DATA BELOW below:

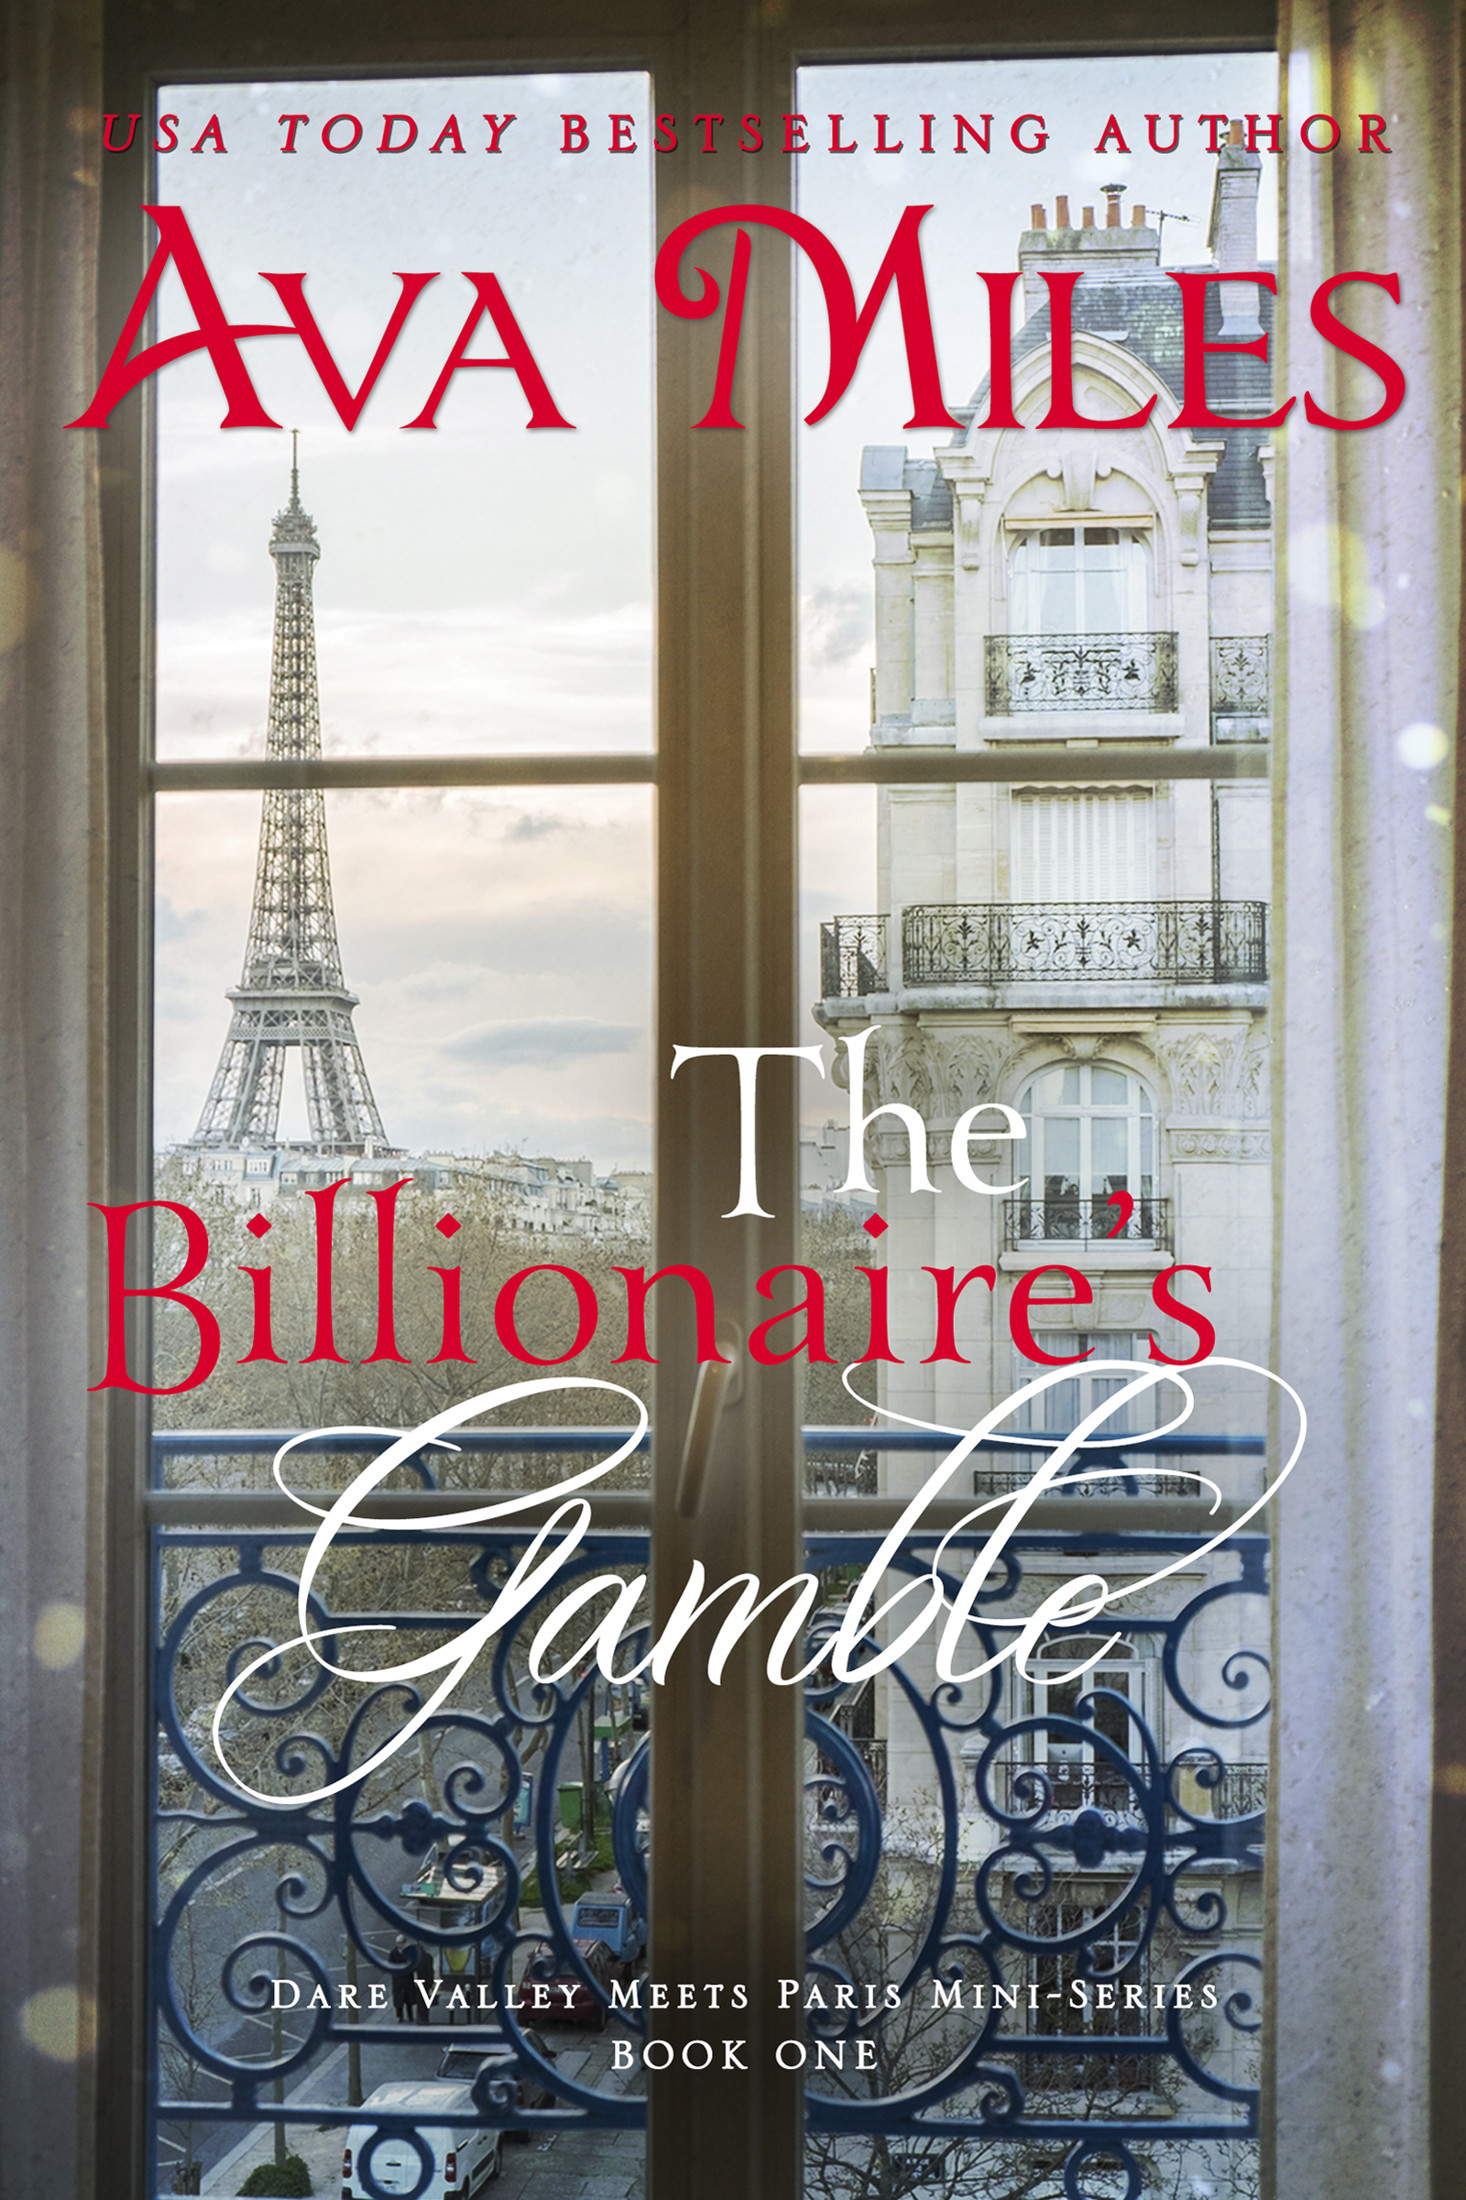 The Billionaire's Gamble by Ava Miles
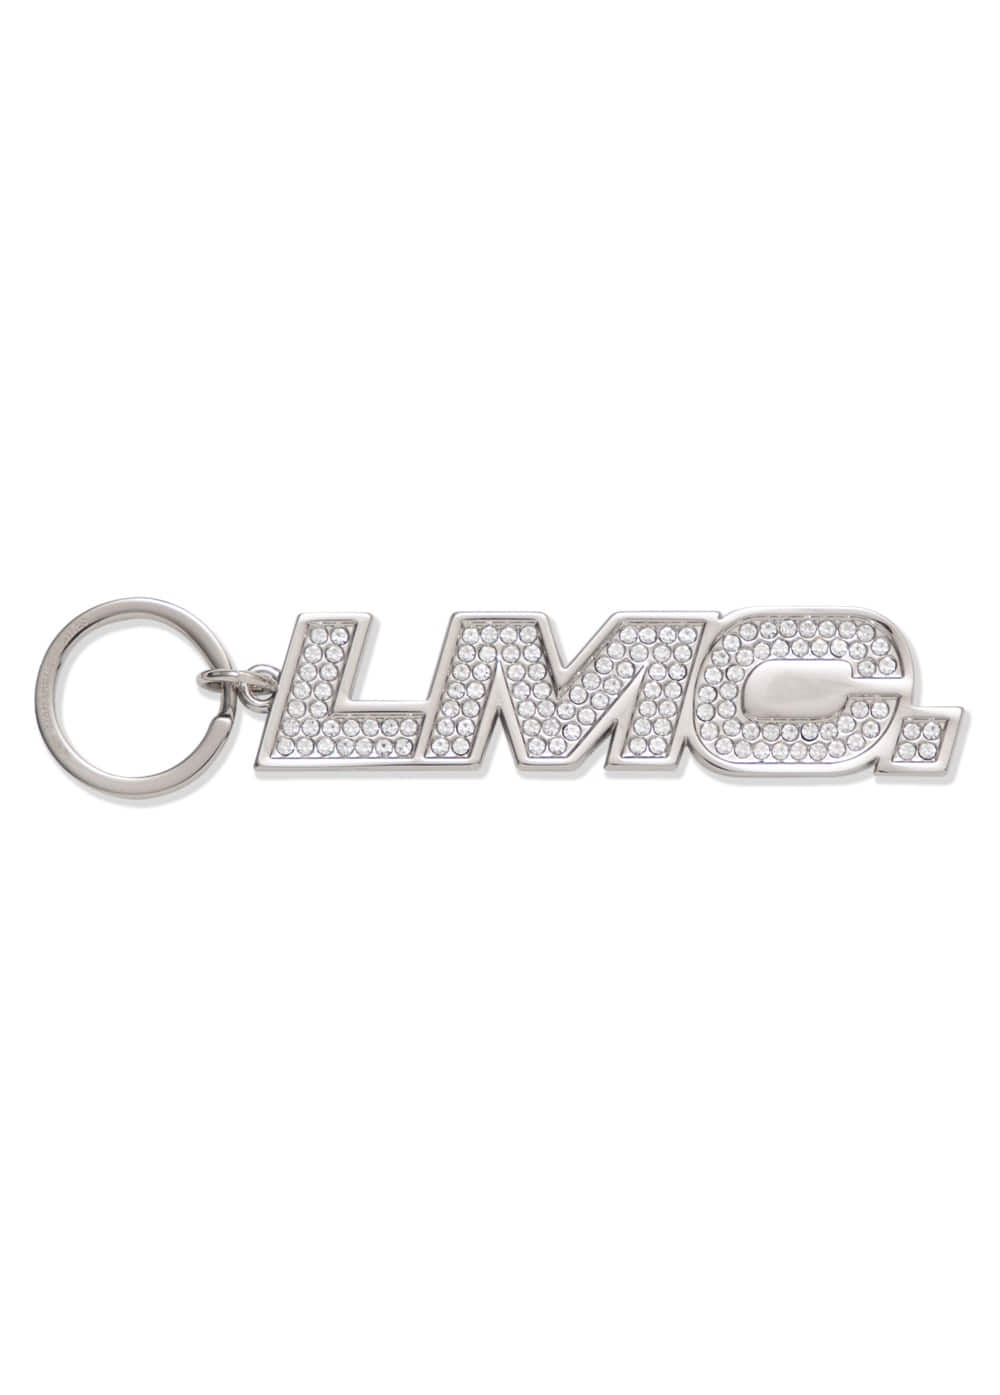 LMC CUBIC KEYRING silver
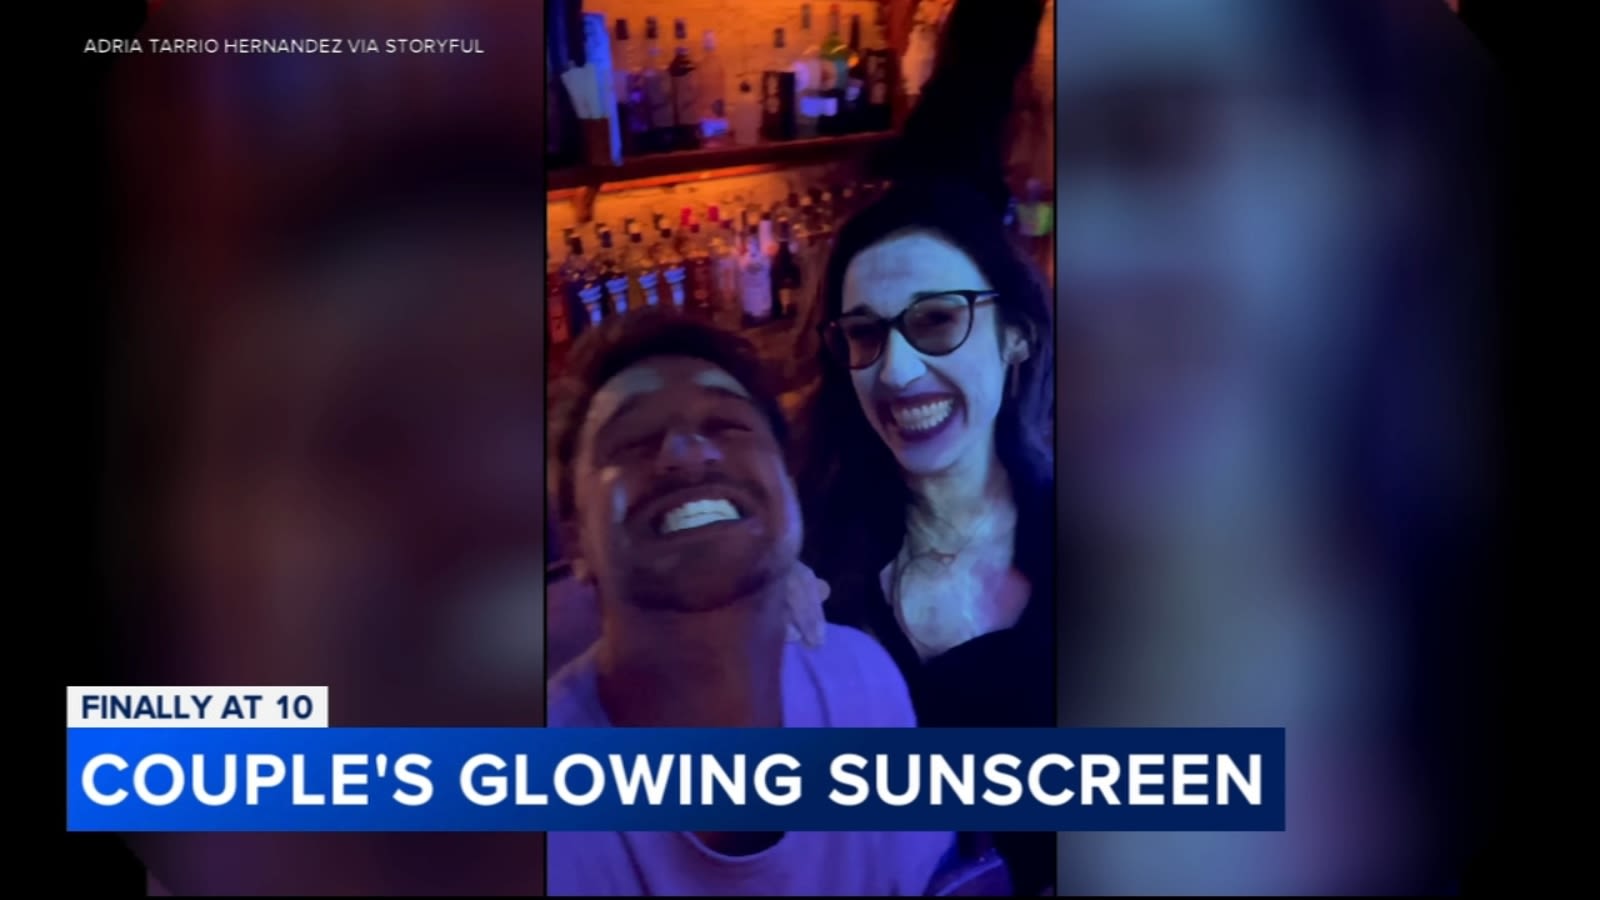 Couple's sunscreen hilariously glows under Barcelona nightclub's lighting

End of DATA BELOW.

WORK REQUIRED:
Transcribe the listing exactly, skipping pictures.

EXERCISE OUTPUT:
 The Billionaire's Gamble by Ava Miles
 LMC CUBIC KEYRING silver
 Couple's sunscreen hilariously glows under Barcelona nightclub's lighting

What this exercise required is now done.